FISCAL IMPACT: The bills may provide minor savings for DHHS and local public health departments resulting from the reduction of statutory directives regarding pretest information, data retention, and reporting requirements. (See Fiscal Information, below, for further discussion.)
THE APPARENT PROBLEM:
According to committee testimony, several of the laws amended were passed when there was no effective treatment for HIV and when fear of and discrimination against HIV-infected individuals were widespread. With the passage of time, increased knowledge of sexually transmitted infections, and treatments that make HIV a chronic condition, some feel that Michigan’s laws should be updated accordingly. This bill package represents a step in that direction.
THE CONTENT OF THE BILLS:
House Bill 6016 would amend the definition of HIV infection or HIV infected in the Public Health Code to mean the status of an individual who is infected with HIV, as evidenced by any of the following:
· An HIV test, or a combination of tests, that is considered a confirmatory diagnostic test according to prevailing medical technology and algorithms or guidance from the federal Centers for Disease Control and Prevention (CDC).

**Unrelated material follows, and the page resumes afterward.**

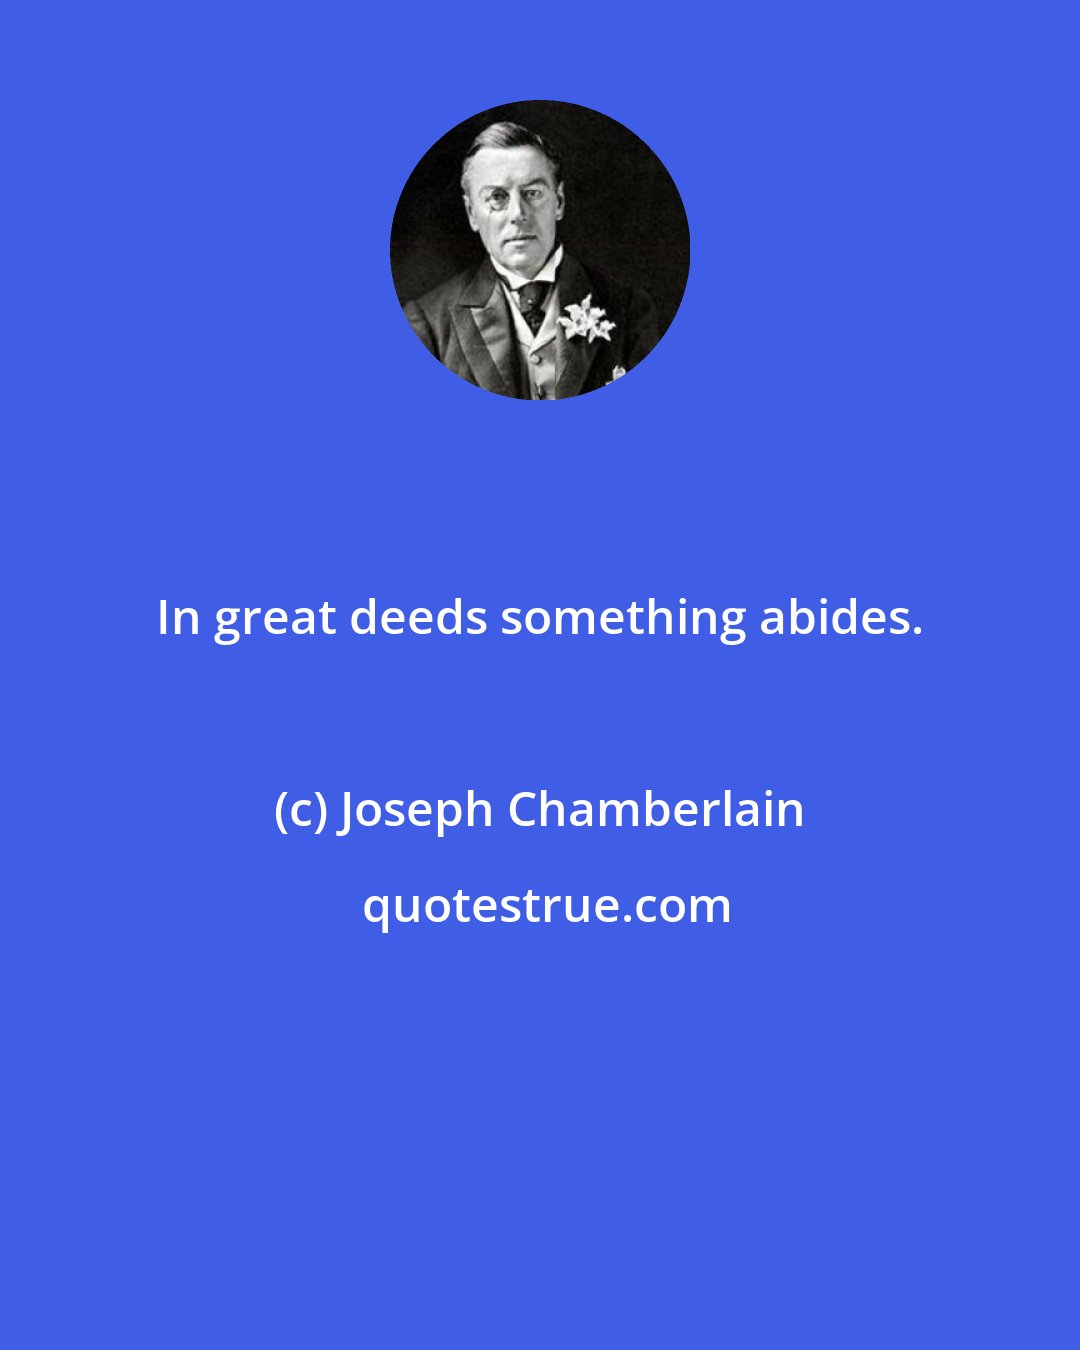 Joseph Chamberlain: In great deeds something abides.

· An HIV test that is approved by DHHS.
MCL 333.5101
House Bill 6017 would revise the time frame for document retention and remove the requirement for biennial reports to the House and Senate Health Policy standing committees. The requirement that documents be retained for only 90 days predated later initiatives that linked regular reporting and maintenance of information to federal funding from the CDC. Under the bill, a local health department’s reports, records, and data related to HIV testing, in paper or electronic form, would have to be destroyed within 365 days unless otherwise required by federal law. Likewise, DHHS currently produces statewide and local annual reports on HIV,[1] so the requirement of biennial reporting on the same data may be less necessary.
MCL 333.5114a
House Bill 6018 would remove specific requirements for HIV pre- and post-test counseling mandated of providers.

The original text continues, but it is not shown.